The wire operator told them another telegram had been sent to one J. C. Tichenor, c/o Central Garage, Memphis, Tennessee. They phoned the Memphis police, who looked up the name in the telephone directory and found a J. C. Tichenor at East Raynor Street. They immediately put the house under surveillance.
After Ramsey gave Geraldine her ticket back to Oklahoma City and left her at the train station, the precocious kid fired off her own telegram to her parents after he’d left:
Meet me Rock Island station ten fifteen tonight. Gerry.
Her parents were there to meet her when she arrived, but so were Pop Nathan and his agents. Geraldine was not at all reticent to speak. She rambled on chapter and verse about all the places she’d been dragged, all the odd manners she had been expected to affect. She told everybody about the Kellys and their marital battles, their professional battles, their battles about everything.
She’d been dragged off here, she’d been dragged off there. Kelly had taken her to places she’d never been. Places she didn’t like. Introduced her to creepy people. Sent her off with some stranger named Ramsey, who put her on this train with a ticket and a couple bucks and that was that.
The agents asked if she knew where the Kellys were staying in Memphis.
Her answer was decisive. They were in a house on East Raynor Street. Staying with “some guy named, Tich.”
Might the name be “Tichenor?”
Yes, that was it, she said.
Nathan wasted no time. He immediately got word to the Special Agent in Charge of the Birmingham, Alabama, office, William A. Rorer, a young World War I vet. Get to Memphis and raid this home before daylight. The Bureau had only one agent in Memphis and it did not want that limited kind of involvement. The Bureau had chased Kelly over about one-third of the country and they didn’t want some local police force to get credit for his capture. Shortly after Nathan’s call, Rorer got another from the director himself in Washington. Hoover reiterated how important it was to get to Memphis immediately. He should arrange air travel using any means necessary. Nathan also called the St. Louis office, the next closest to Memphis, and told them to dispatch agents, as well. The race was on. Who would get to Memphis first to capture the Kellys.
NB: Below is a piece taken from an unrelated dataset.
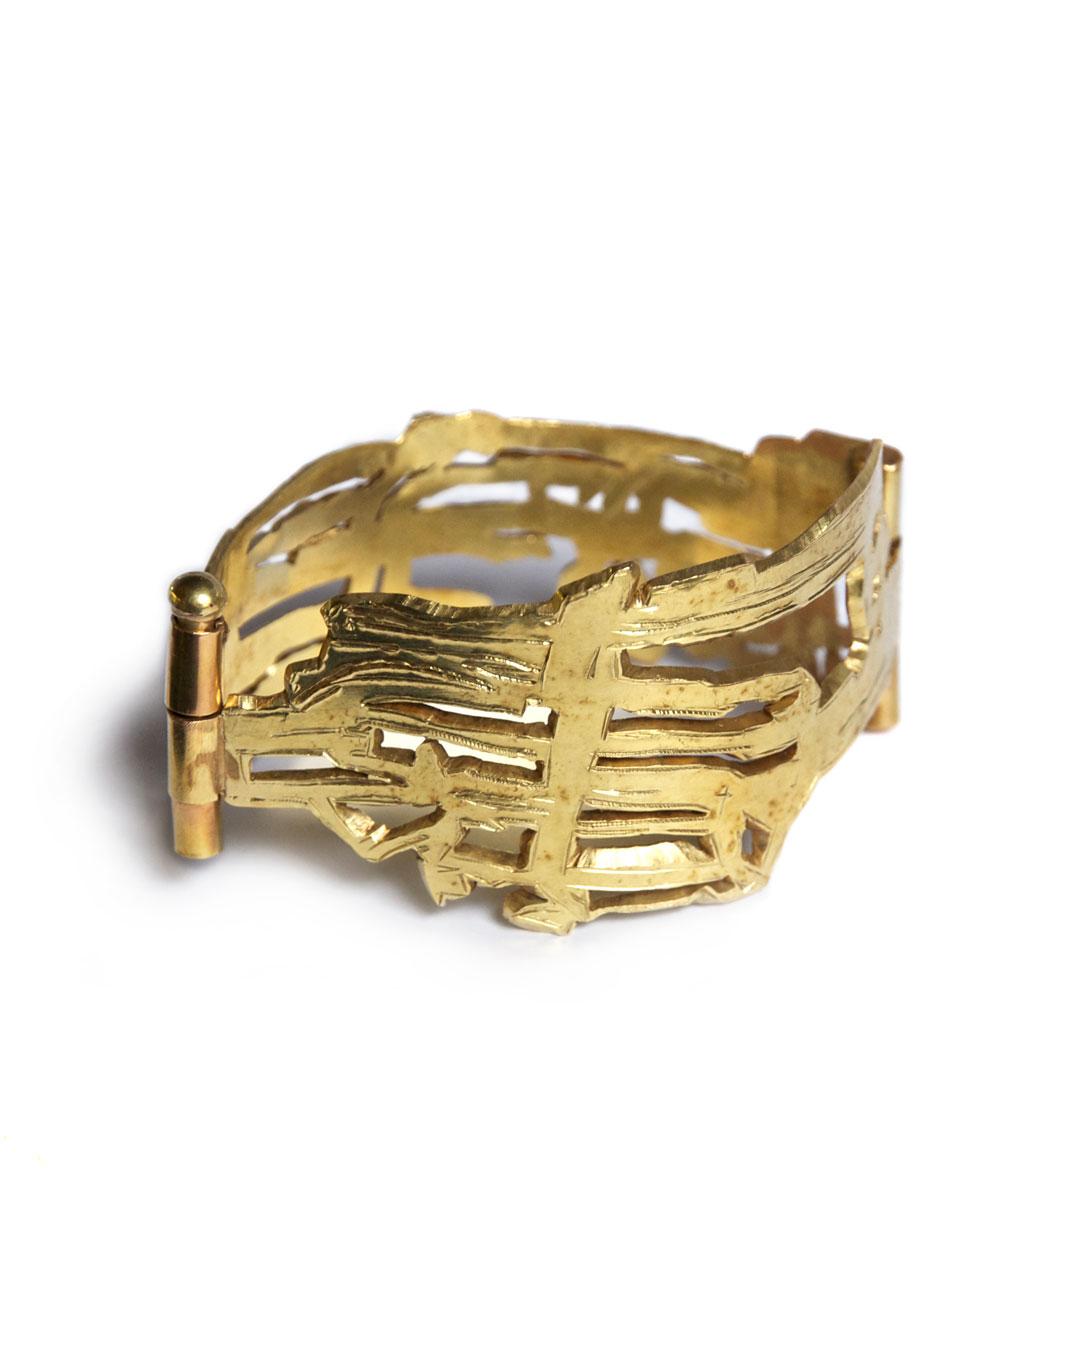 Rudolf Kocéa, Bündel (Bundels), 2004, armband; 14 kt goud, 40 x 78 x 54 mm, €9500

It was after midnight when Rorer got the call from Nathan. He knew he had almost no time to get to Tennessee to complete his assignment. It was too long a drive and there was no train service. He’d need to fly. But there were no night flights. He appealed to a local air charter service, but they weren’t allowed to fly at night. The charter service told him the only planes that could fly out of Birmingham at night were at Roberts Field under the command of the National Guard. In desperation, he tried the National Guard, finally getting through to the wife of Commander Sumpter Smith, who told him her husband was out of town in Montgomery. When the desperate Rorer finally located Smith at his hotel, Smith told him he lacked the authority to release the planes. Well, who has it, demanded Rorer. Smith told him he’d have to get in touch with General Edward King at Fort McPherson, Georgia. When he did, King ordered two planes to carry Rorer and anyone else he could round up to Memphis.